YOUR GOAL:
Find the line with "No longer constrained" in the records below. Output exactly from there until after the line with "The Dolce Bamboo", without pictures.

PROVIDED INFORMATION:
▬▬▬▬▬▬▬▬▬▬

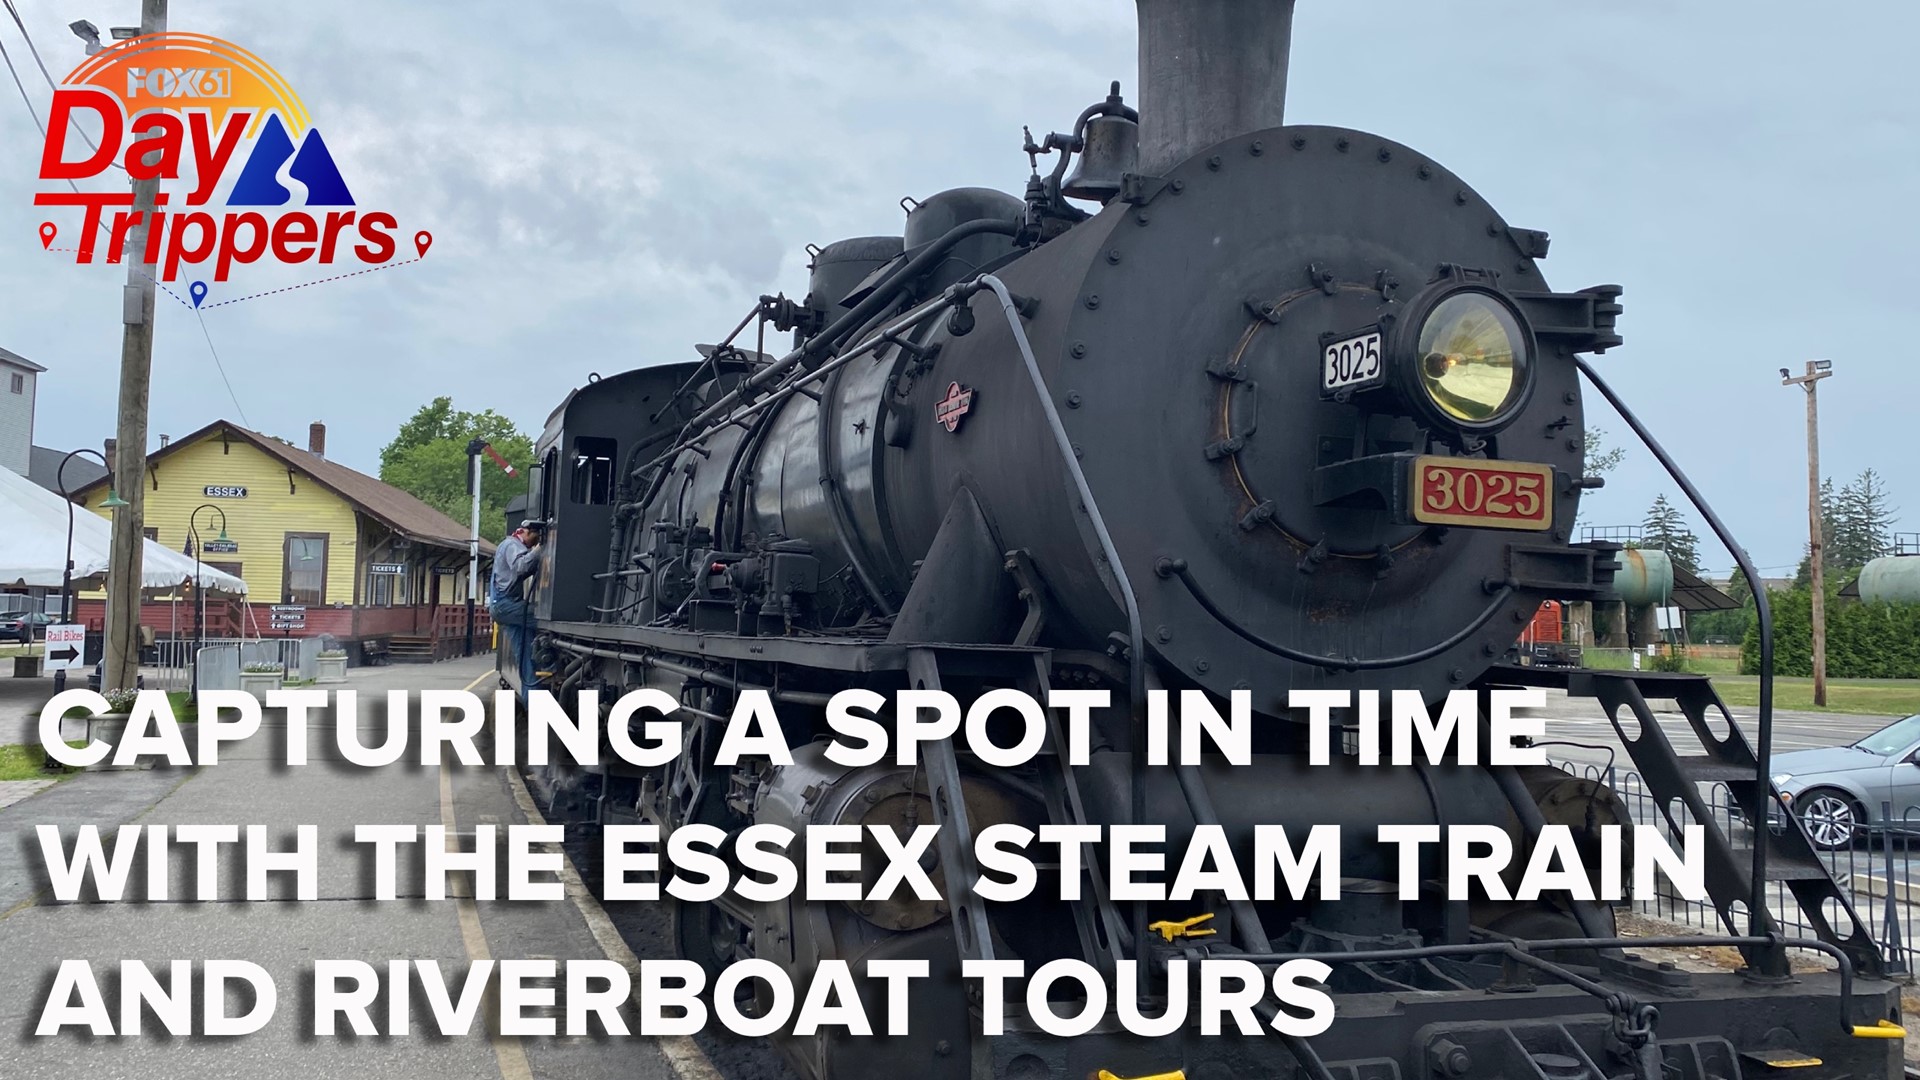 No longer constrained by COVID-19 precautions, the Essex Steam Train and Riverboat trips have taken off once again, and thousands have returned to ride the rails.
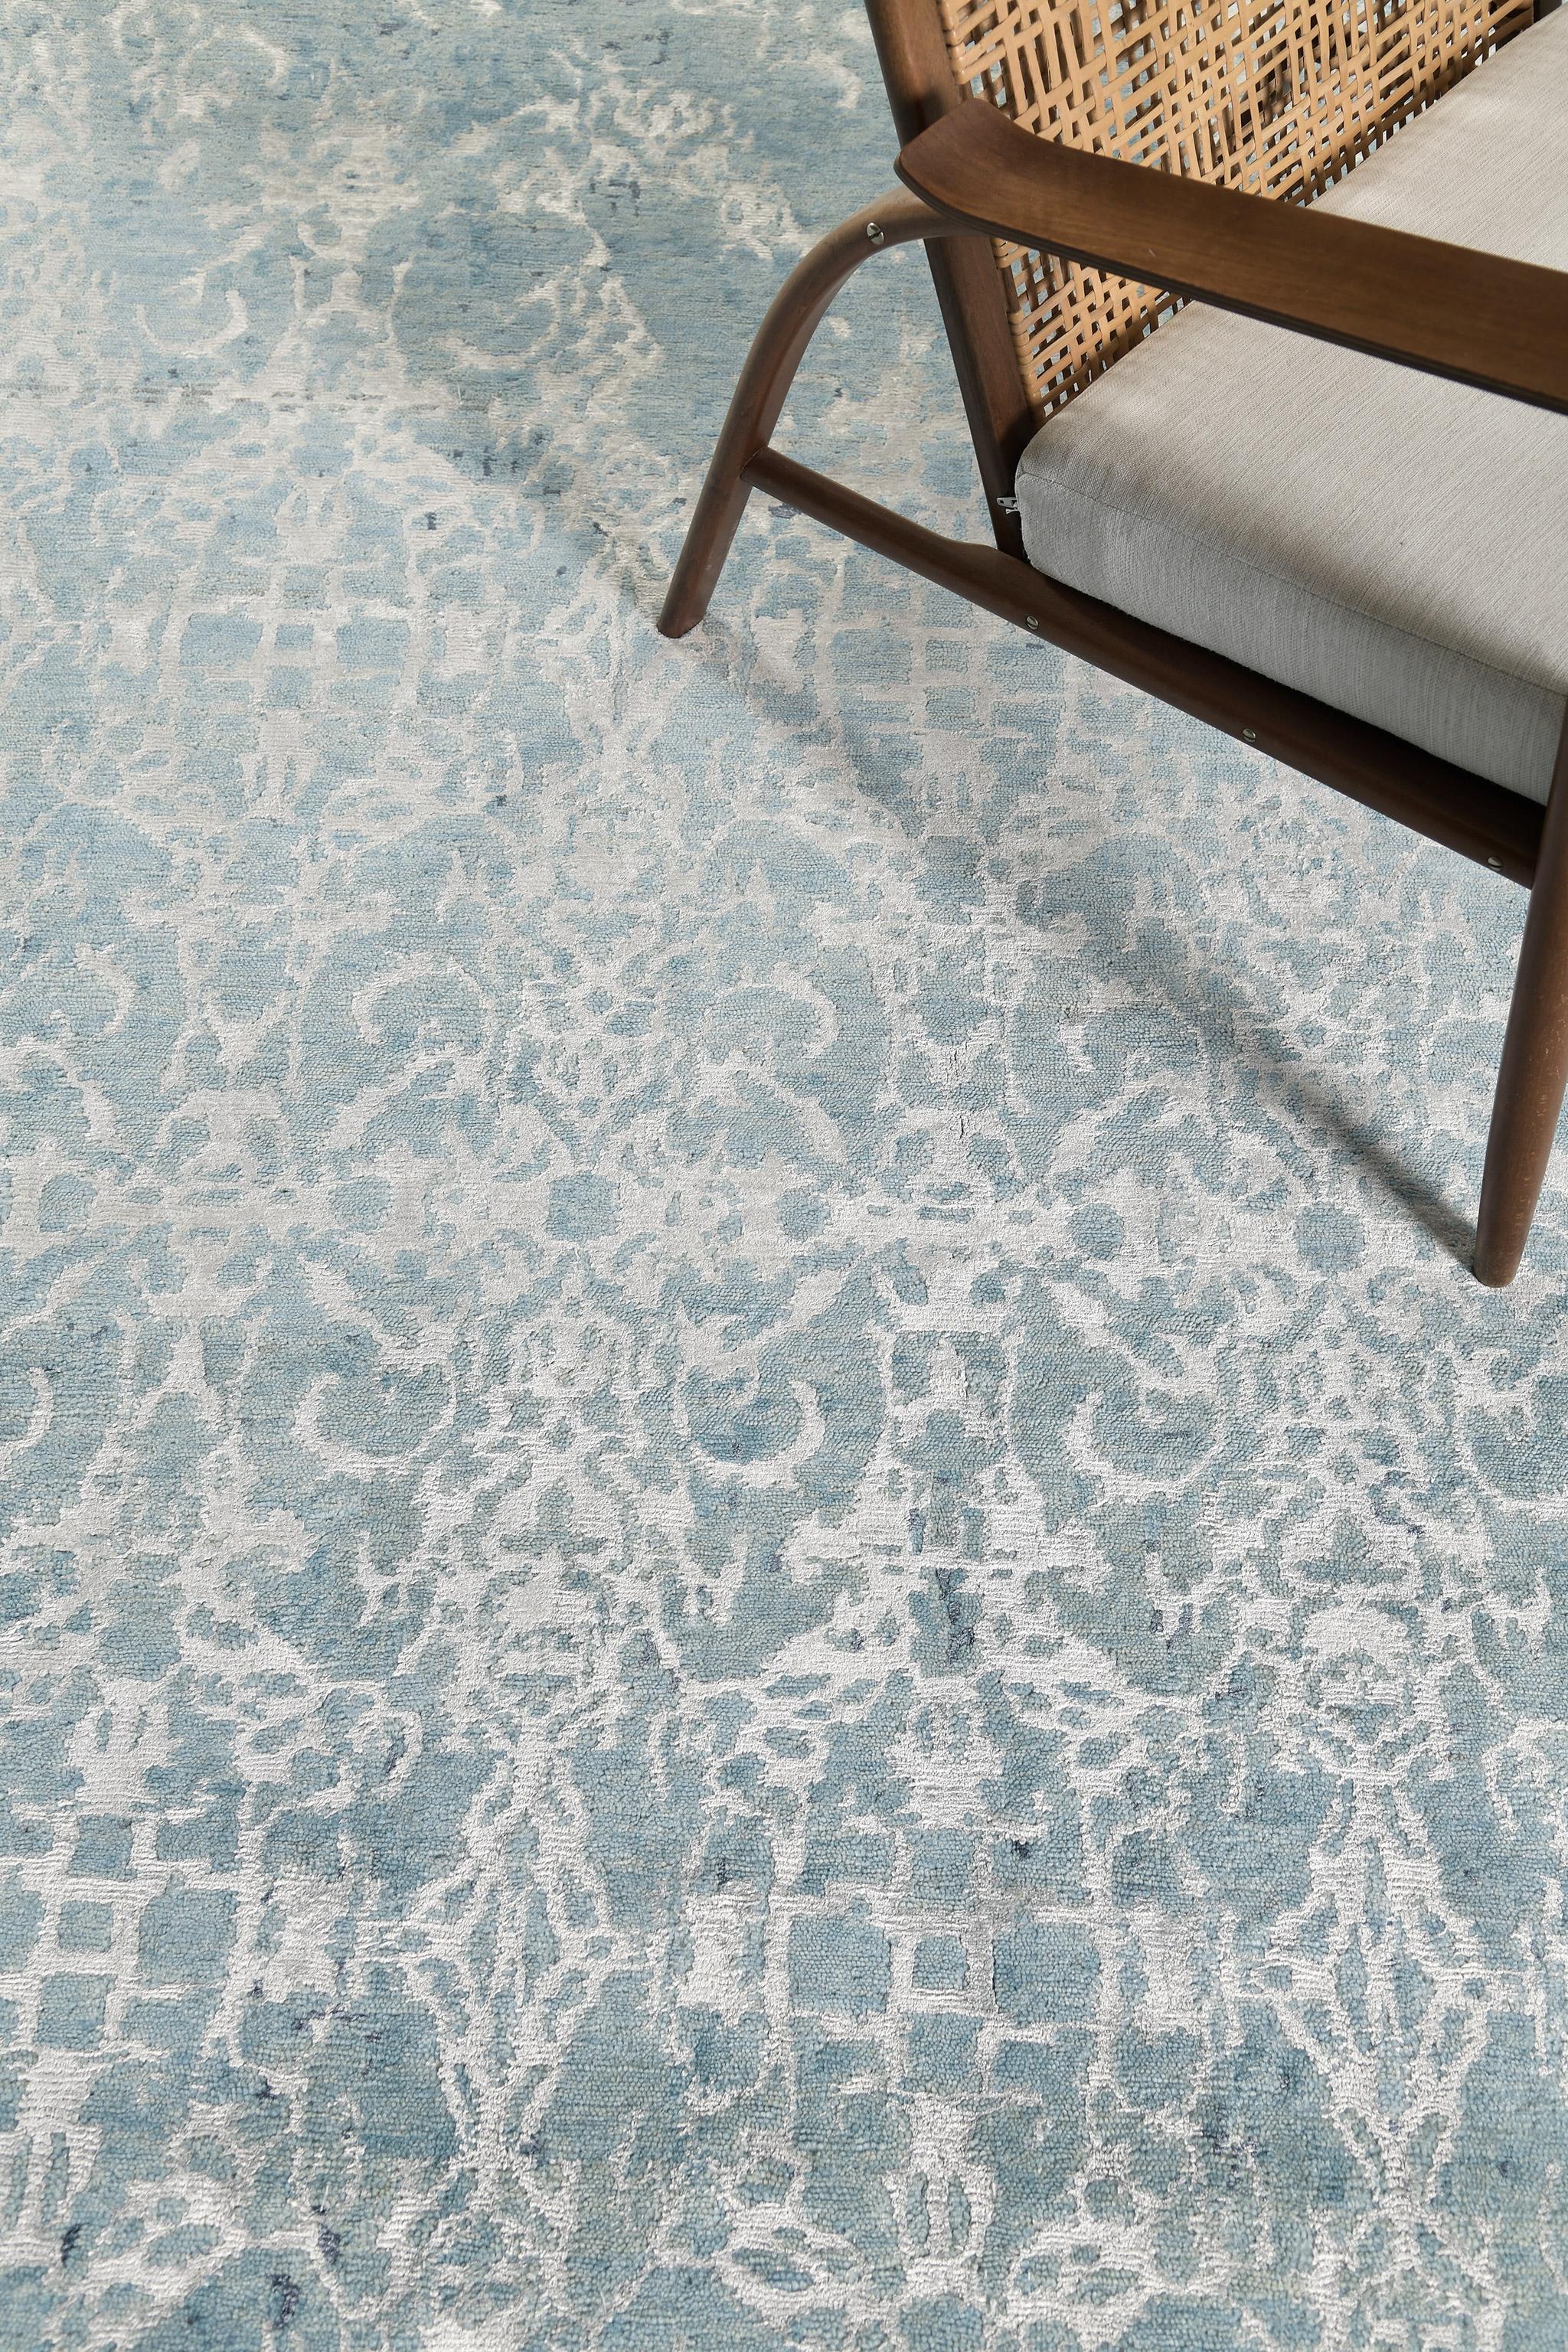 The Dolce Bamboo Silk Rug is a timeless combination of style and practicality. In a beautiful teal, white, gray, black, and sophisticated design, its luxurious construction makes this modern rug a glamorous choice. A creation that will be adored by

▬▬▬▬▬▬▬▬▬▬

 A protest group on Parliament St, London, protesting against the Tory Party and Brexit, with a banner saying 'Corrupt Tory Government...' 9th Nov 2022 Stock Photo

▬▬▬▬▬▬▬▬▬▬

SOLUTION TO THIS TASK:
 No longer constrained by COVID-19 precautions, the Essex Steam Train and Riverboat trips have taken off once again, and thousands have returned to ride the rails.
 The Dolce Bamboo Silk Rug is a timeless combination of style and practicality. In a beautiful teal, white, gray, black, and sophisticated design, its luxurious construction makes this modern rug a glamorous choice. A creation that will be adored by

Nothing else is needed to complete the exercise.